## Aim of the task
The full listing, minus its pictures, should be printed again exactly as it stands.

## Supplied material
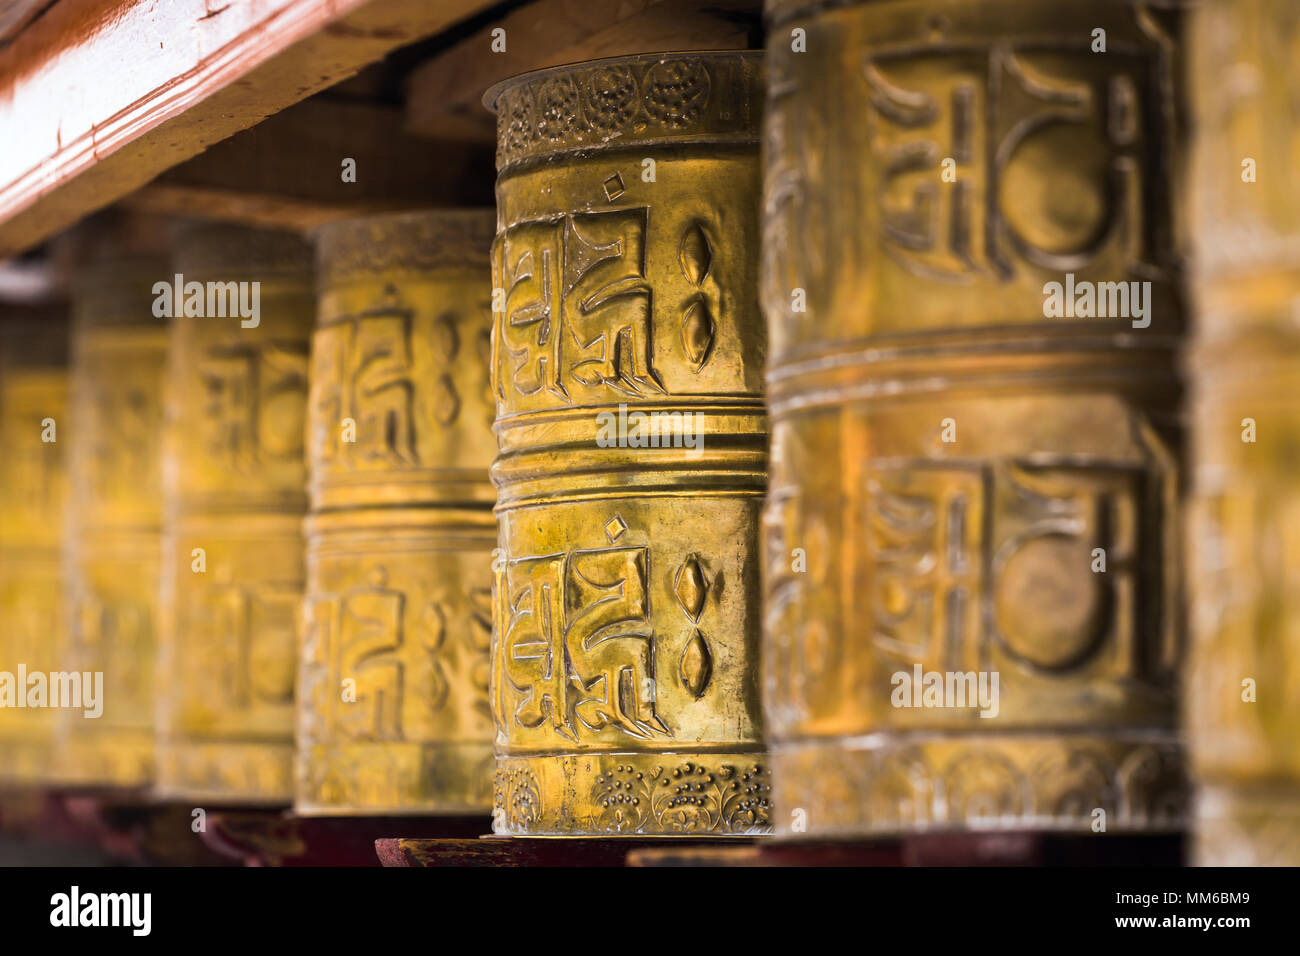 Orando budista tibetano de ruedas en Ladakh, India. Tradicionalmente, el mantra OM Mani Padme Hum está escrito en Sánscrito en el exterior de la rueda Foto de stock
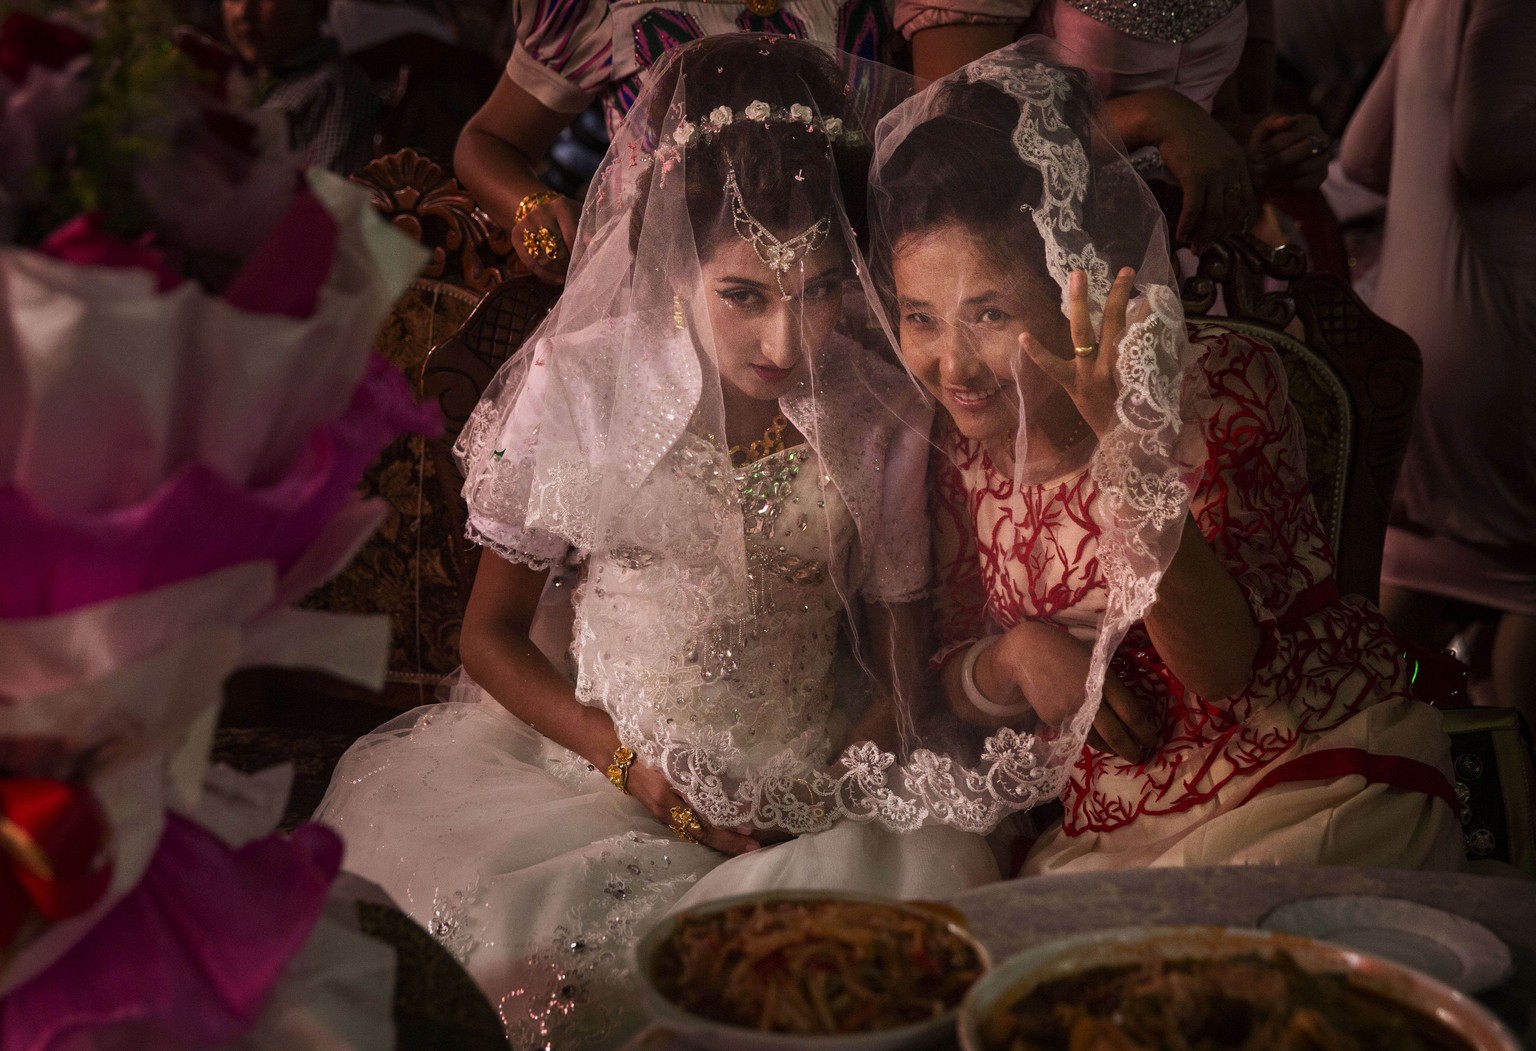 Hochzeitsfeier: Eine uigurische Braut mit einer Freundin.&nbsp;
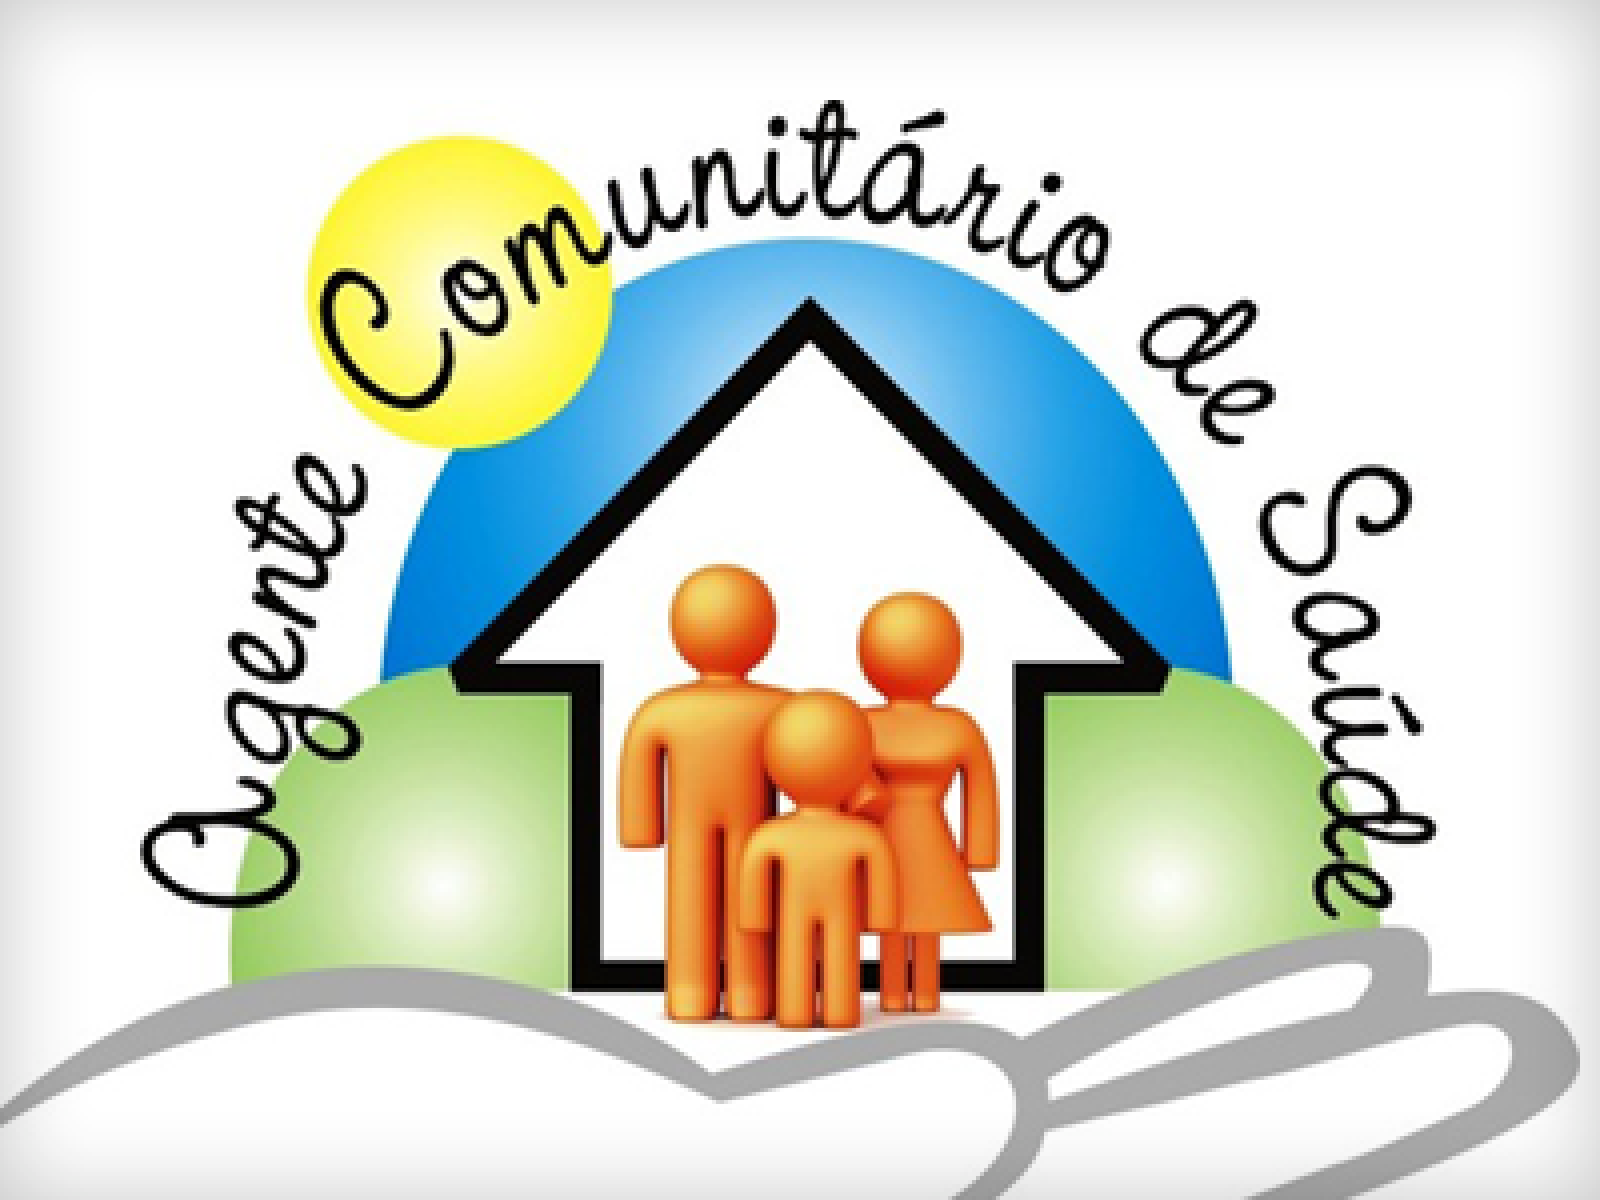 EDITAL DE CONVOCAÇÃO – REUNIÃO EXTRAORDINÁRIA COM SERVIDORES AGENTE COMUNITÁRIO DE SAÚDE

## Result of the exercise
 Orando budista tibetano de ruedas en Ladakh, India. Tradicionalmente, el mantra OM Mani Padme Hum está escrito en Sánscrito en el exterior de la rueda Foto de stock
 Hochzeitsfeier: Eine uigurische Braut mit einer Freundin.&nbsp;
 EDITAL DE CONVOCAÇÃO – REUNIÃO EXTRAORDINÁRIA COM SERVIDORES AGENTE COMUNITÁRIO DE SAÚDE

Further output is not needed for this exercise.